▶ _WHAT YOU ARE ASKED TO DO_
Without including any pictures, reproduce all the lines below word for word.

[[ COLLECTED MATERIAL open ]]

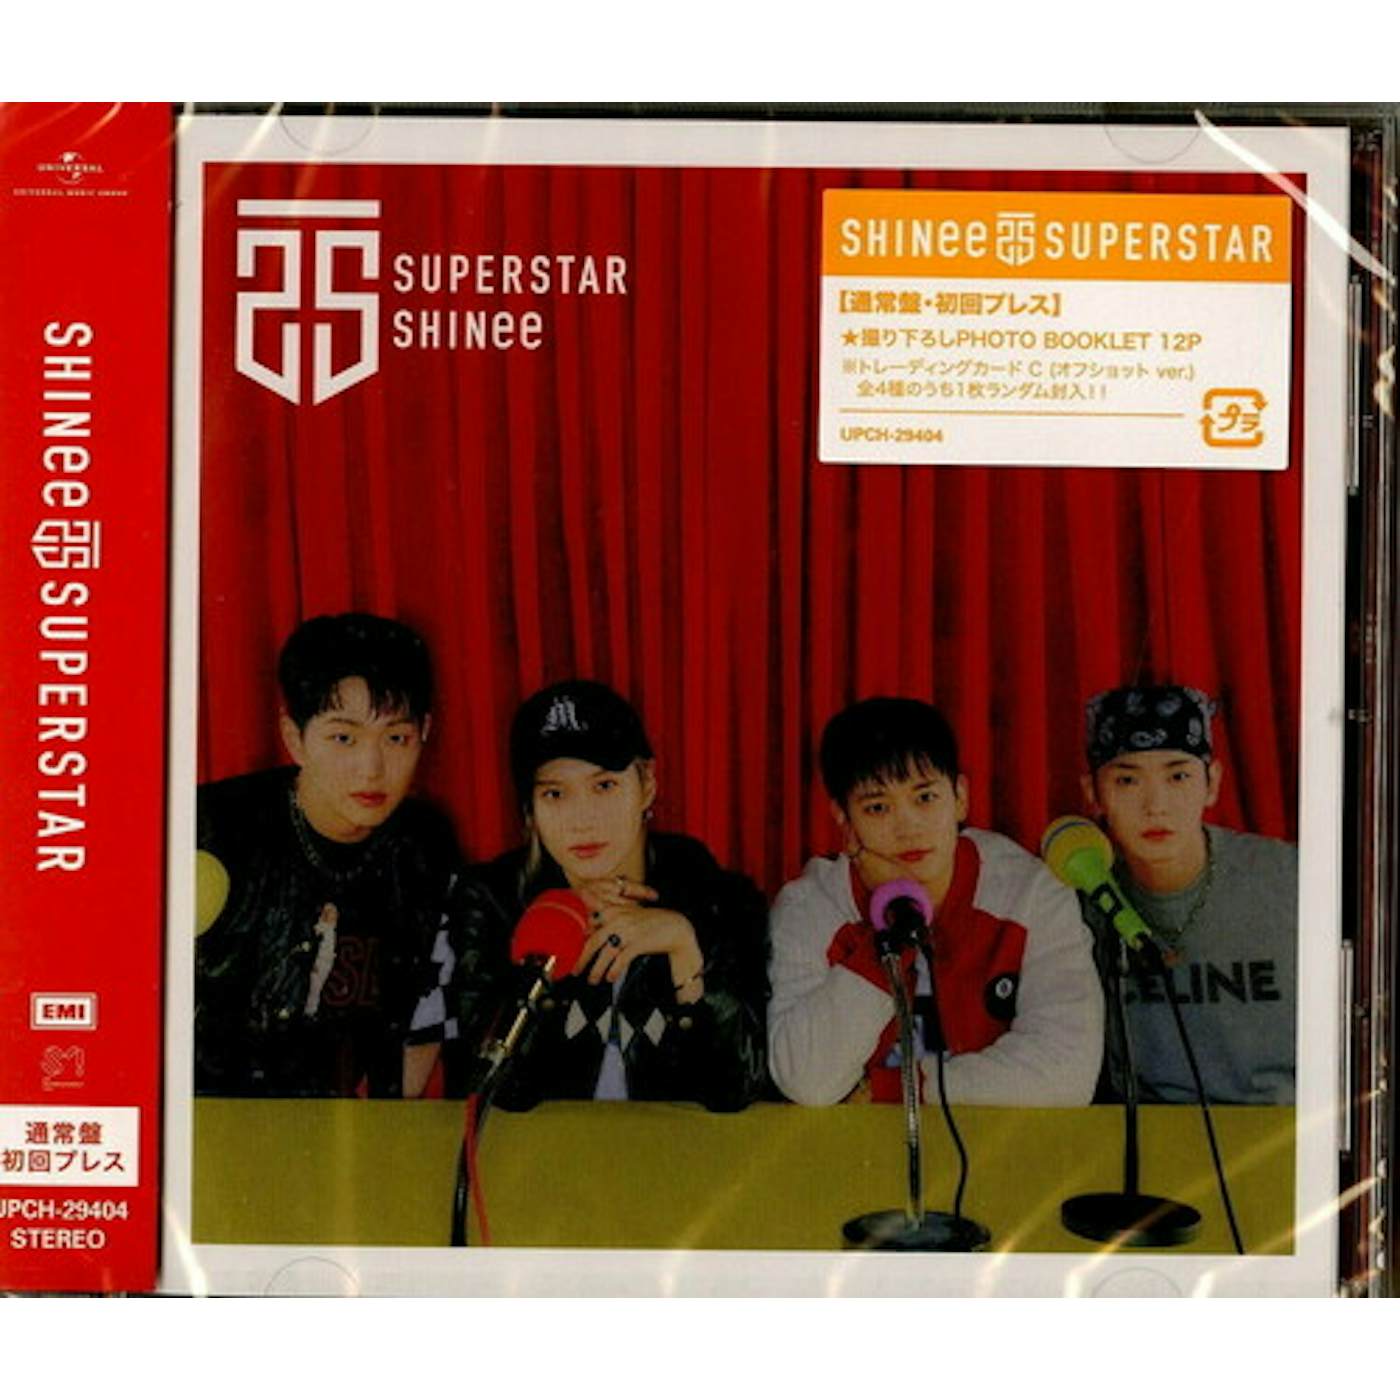 SHINee SUPERSTAR CD
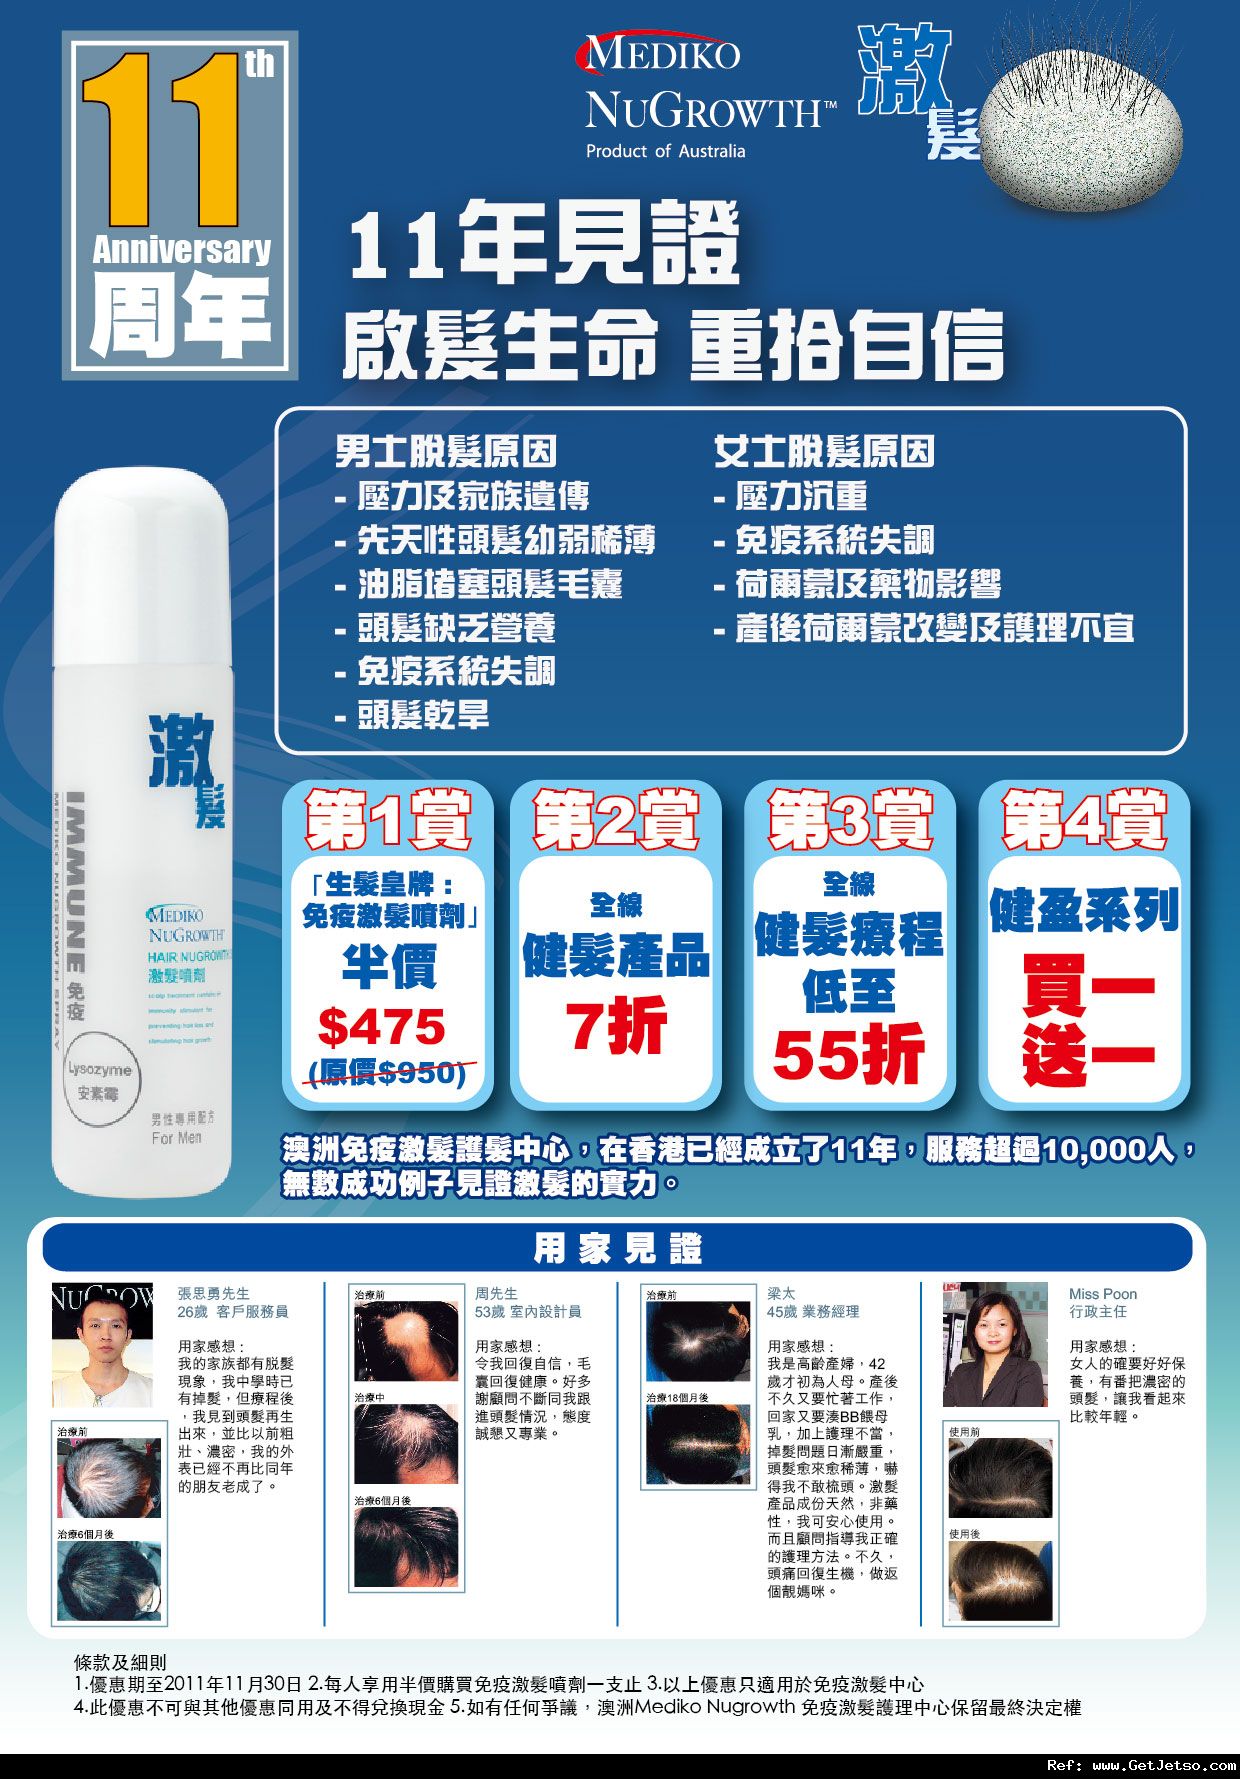 Mediko 生髮噴劑半價護髮產品買1送1優惠(至11年11月30日)圖片1
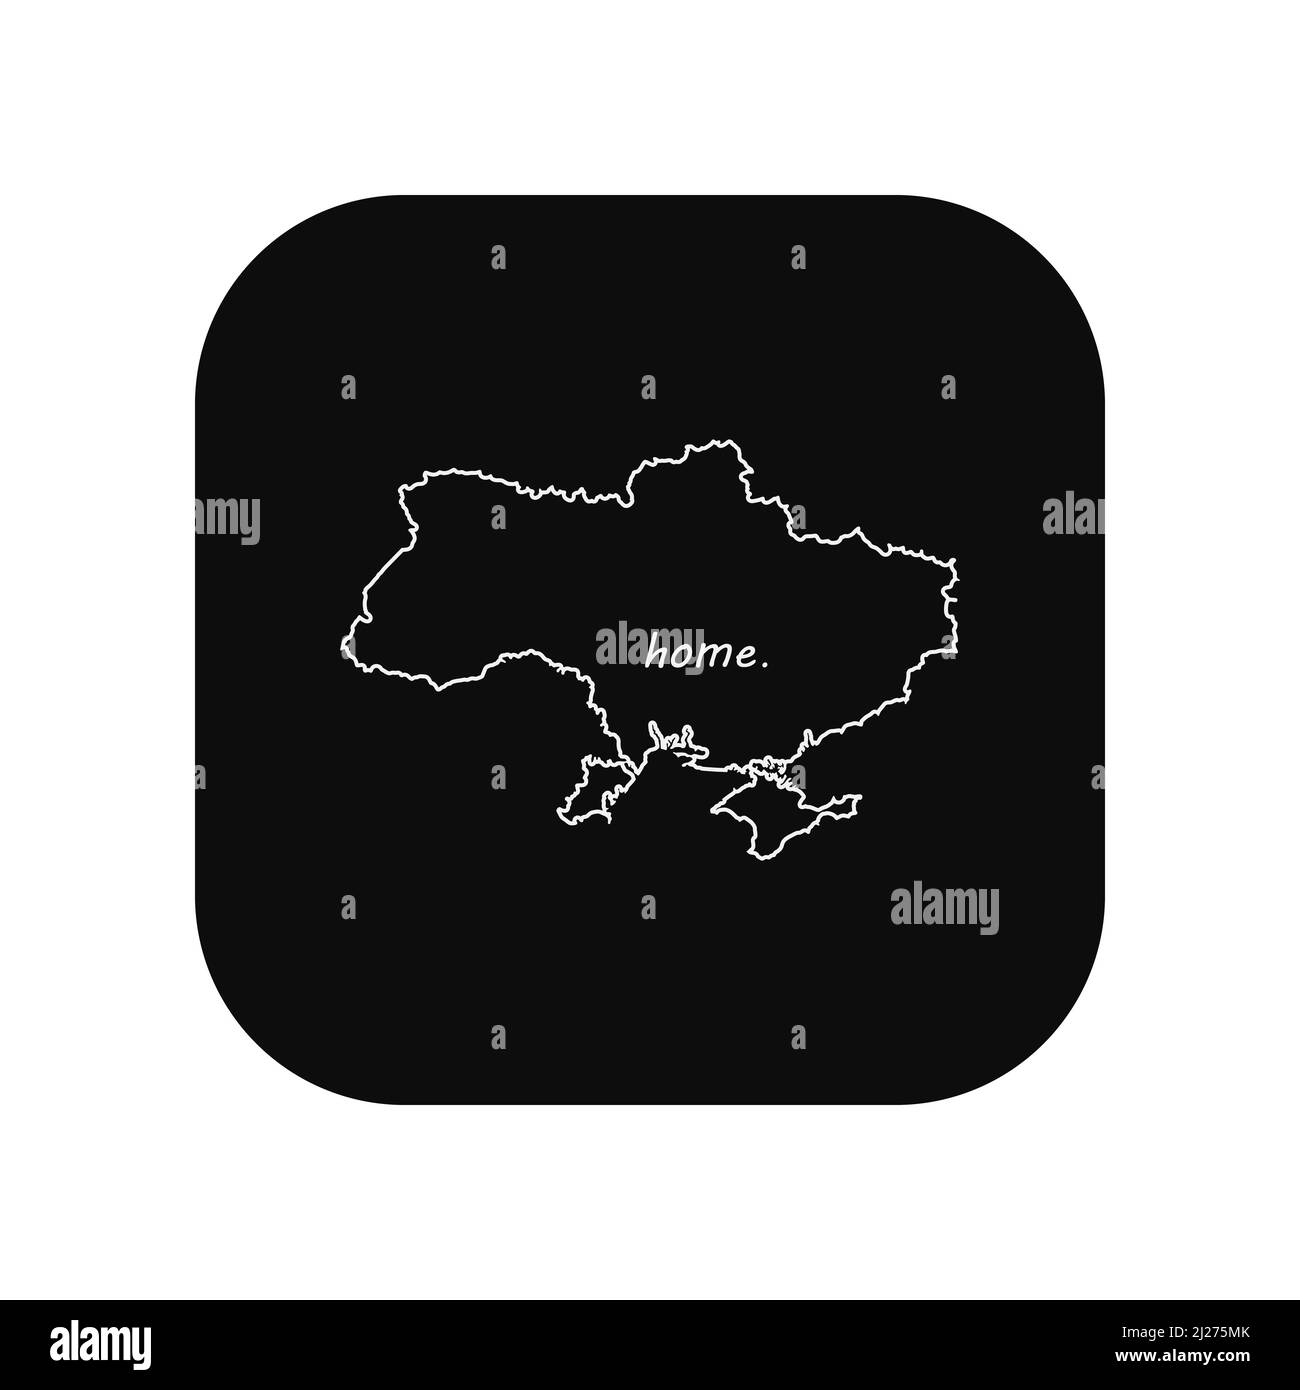 Icona per l'uso in applicazioni di vari gadget. Mappa del paese l'Ucraina è la mia casa. Stile minimalista e piatto. Illustrazione Vettoriale

[[ COLLECTED MATERIAL closed ]]

▶ _TASK RESPONSE_
 SHINee SUPERSTAR CD
 Mediko 生髮噴劑半價護髮產品買1送1優惠(至11年11月30日)圖片1
 Icona per l'uso in applicazioni di vari gadget. Mappa del paese l'Ucraina è la mia casa. Stile minimalista e piatto. Illustrazione Vettoriale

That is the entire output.